A shell game that will require states to raise taxes
There is another problem with this constitutional amendment. For many
in Minnesota, it will likely mean an increase in personal income,
sales, and property taxes needed to offset the loss in Federal aid from
crime control to higher education, roads and bridges to farm programs,
rural economic development to Medicare. This shell game, in
which costs are simply shifted from the Federal Government onto the
States, would force Minnesota to fund these efforts on its own. A
recent Treasury Department study concluded that an increase of between
9 and 13 percent in Minnesota taxes would be required to make up the
difference. In reality, a vote for the balanced budget amendment is
really a vote for a trickle-down tax increase.
a standard of fairness
I think it's a simple question of fairness. If this constitutional
amendment passes, in the next 7 years we are going to have to make
$1.48 trillion in spending cuts and other policy changes--assuming that
we enact Republican-proposed tax cuts for the wealthy and defense
increases. If we don't, we'll still have to make about $1.2 trillion in
cuts. If we make these cuts to meet the balanced budget amendment
requirement and timetable, then we should make sure that wealthy
interests in our society, those who have political clout, those who
hire lobbyists to make their case every day here in Washington, will be
asked to pay their fair share. At least they should bear as much of the
burden as regular middle class folks that we represent, who receive
Social Security or Medicare or Veterans benefits, or who receive
student loans to send their kids to college and offer them a better
future.
That's just common sense, and I had hoped that during this debate we
would signal that we would apply such a standard of fairness. For
example, too often in discussions about low-priority Federal spending
which ought to be cut, one set of expenditures has been notoriously
absent. That is tax breaks for wealthy and well-positioned special
interests. But that, too, was rejected by the constitutional
amendment's proponents when I offered an amendment urging simply that
we make sure such special tax breaks are on the table as we move
forward in our deficit reduction efforts. Tax subsidies are heavily
skewed to corporations and the relatively few people with very high
incomes, while Government benefits and services go in far larger
proportions to the middle class and the poor.

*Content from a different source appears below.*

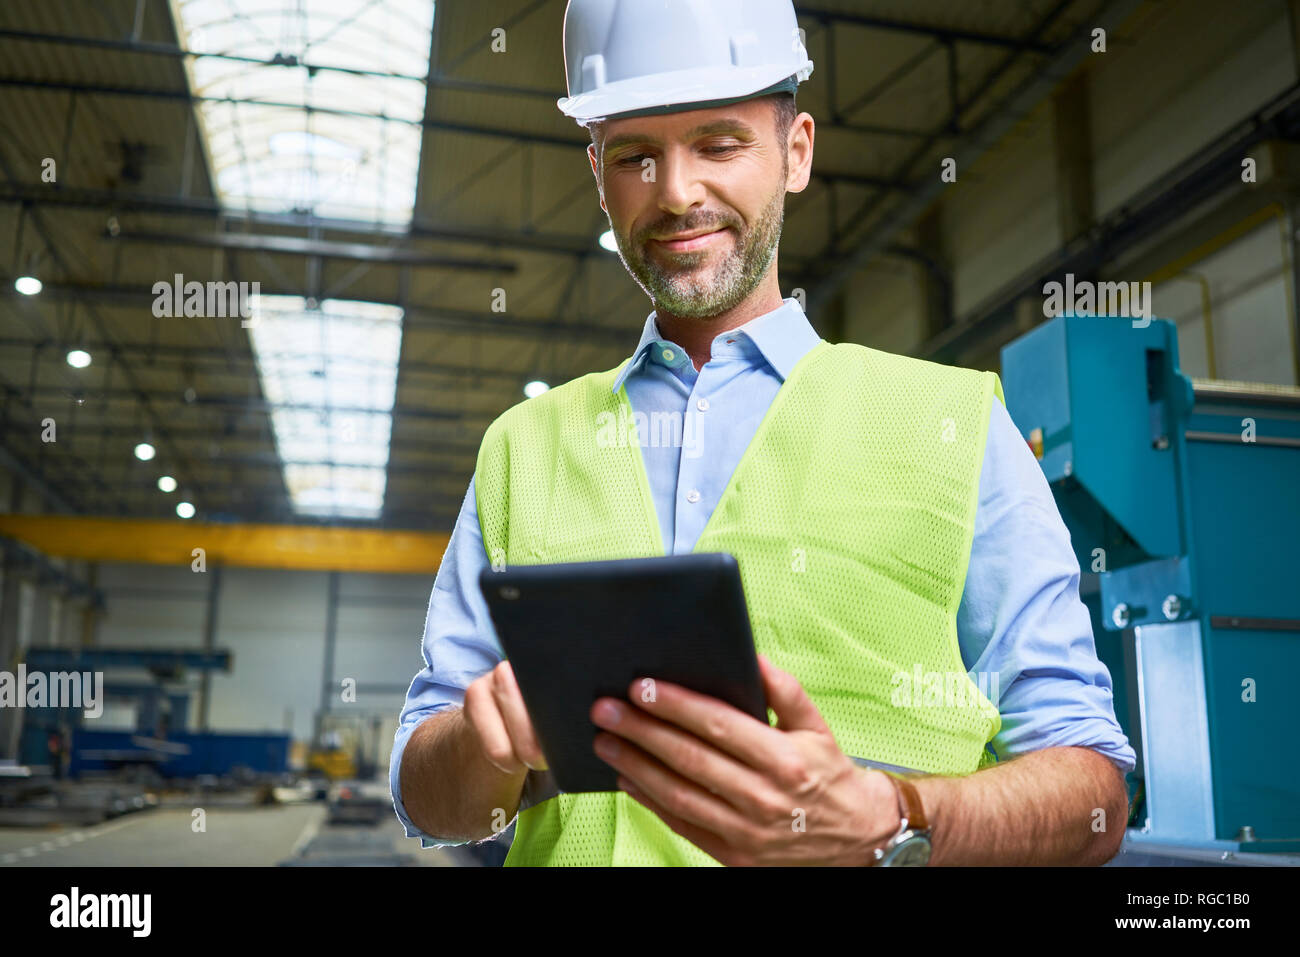 Confident man wearing shirt and safety vest using tablet in factory Stock Photo

In the last few weeks, this issue of fairness has emerged more and
more clearly to me, more by its absence than by its presence. It looks
to me as though the current standard, at least as it has been applied
so far in the published plans of balanced budget proponents, will not
require much, if any, sacrifice from special interests in our society
who have enjoyed certain tax breaks, benefits, preferences, deductions
and credits that most regular middle-class taxpayers don't enjoy.

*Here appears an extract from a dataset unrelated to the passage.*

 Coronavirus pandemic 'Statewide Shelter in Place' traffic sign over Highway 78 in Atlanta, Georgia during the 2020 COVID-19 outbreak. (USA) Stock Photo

efforts to scrutinize tax breaks for wealthy blocked
But while the constitutional amendment's proponents don't seem to
mind that it could require States to raise State taxes by large
margins, they are adamantly opposed to making sure that wealthy
corporations and others pay their fair share of the deficit reduction
burden.
It is a fact, often overlooked, that we can spend money just as
easily through the Tax Code, through what are called ``tax
expenditures,'' as we can through the normal appropriations process.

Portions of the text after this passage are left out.